For the rest of us, it's kinda the other way around. We can't figure out why scientists prefer python over all the other many options. I'm assuming it's just a lot of cobbled together legacy code nobody wants to breathe on.
> Furthermore, given that WebAssembly seems poised to (eventually) make strides in how browser-oriented applications are built
Also, this isn't really true. The proposals and implementations out there suggest the goal is to use wasm for libraries and specialized optimizations. Nobody wants to wait for a massive binary to download. You can try to port legacy junk apps, but making it usable on the web (not a canvas) might turn out to be more work than it's worth in many cases.
Scientific performance critical code isn't written in Python, it is written in C/C++ which is used by Python. Python in ML usually merely describes the calculation not unlike React describes the DOM that should be displayed in the browser.
JavaScript was never really known for admin or file manipulation (Perl replacement), so that was what probably established the dominant ecosystem for Python. I also don't think the runtime overhead is applicable due to native C/C++ part, and download time doesn't have to be bad since modules can be split just like in JavaScript ecosystem today. For an AI app, the model inference weights might be larger than the compiled WASM code itself. However, I'd agree with you that porting legacy apps might not be possible without something close to a rewrite.
There is a reasonable chance that once WASM GC is implemented, then direct DOM access will be provided [1], which I believe could pretty much halt interest in new JavaScript development for web frameworks overnight. WASM is the reincarnation of the Java Applet, but better. And a more typed language like Go or Dart could become the most widely used programming language. Either compile it to WASM as plugin for something like the browser, compile to JavaScript for "legacy browsers", or to native code for a standalone app. There are probably a handful of developers already assuming this and trying to write a version of React running in WASM already.

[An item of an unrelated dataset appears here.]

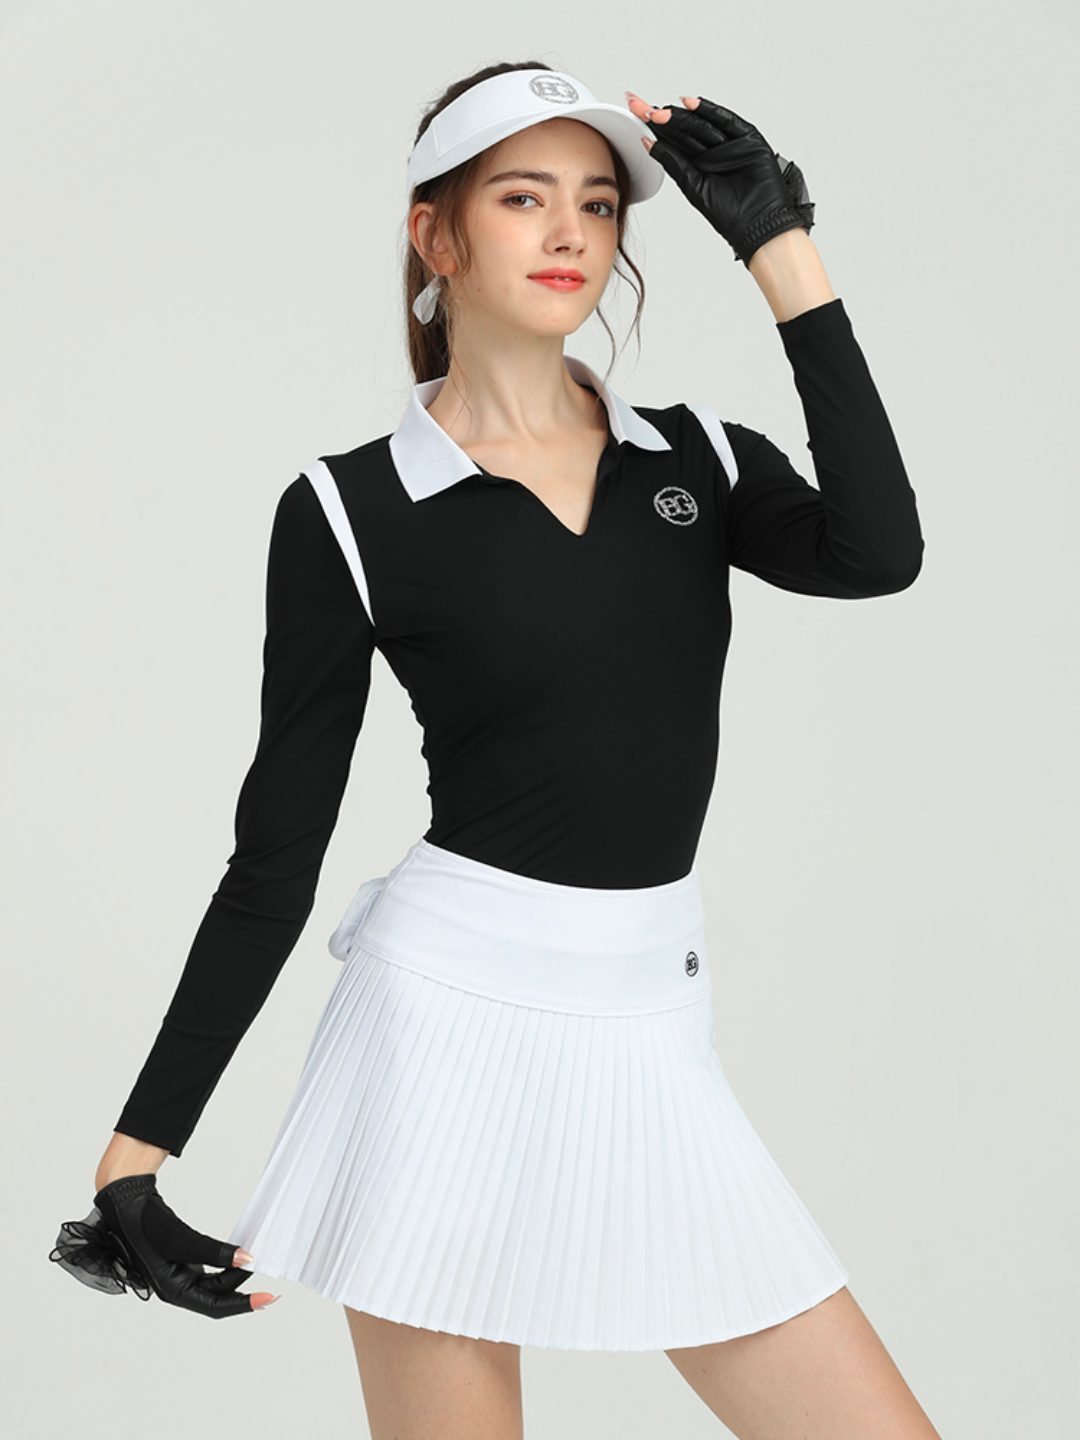 Pakaian golf elegan yang monoton ch013

JavaScript has a massive and unrivaled ecosystem outside of core data analysis. The main hurdle to adoption is ecosystem and community. A generation of applied mathematicians and data scientists were trained on Python. Python overcame older ecosystems like Matlab and Fortran for its ease of use for other general computing tasks (Matlab is a decent language for large array manipulation but soft tasks like string processing are kludgy compared to Python).
In the same way that Python developers are interested in extending their ecosystem to other spaces, JavaScript developers are interested in growing into the data science space. But that doesn't happen unless there's a clear benefit for switching.
What advantages do a native JS solution have over Python? Performance: There are arguably many more developers and companies focused on pure JS performance than python. Community: A JS solution opens up a much larger pool of talent to build innovative solutions. Cost: Running heavy computations client-side, in the web browser, reduces costs for service providers.
Performance where, exactly? Most Python data munging I've seen just punts it all to C based libraries anyways. Are people doing things in pure python these days?
Under the hood, numpy and friends punt to native code. FFI / native module performance becomes a bottleneck, and Bun is correctly focusing in this area. Shumai [1] is a cool library for Bun that also punts to native code
Given your extremely outsized reply I can tell this is something you feel passionately about or whatever, but the “JS was built in x days” line is a thought-terminating cheap shot. It doesn’t acknowledge the vast amounts of work that have gone into subsequent ES versions. The JS that a typical remotely-modern-tech-stack developer is writing these days is not the JS that you’re belligerently referring to.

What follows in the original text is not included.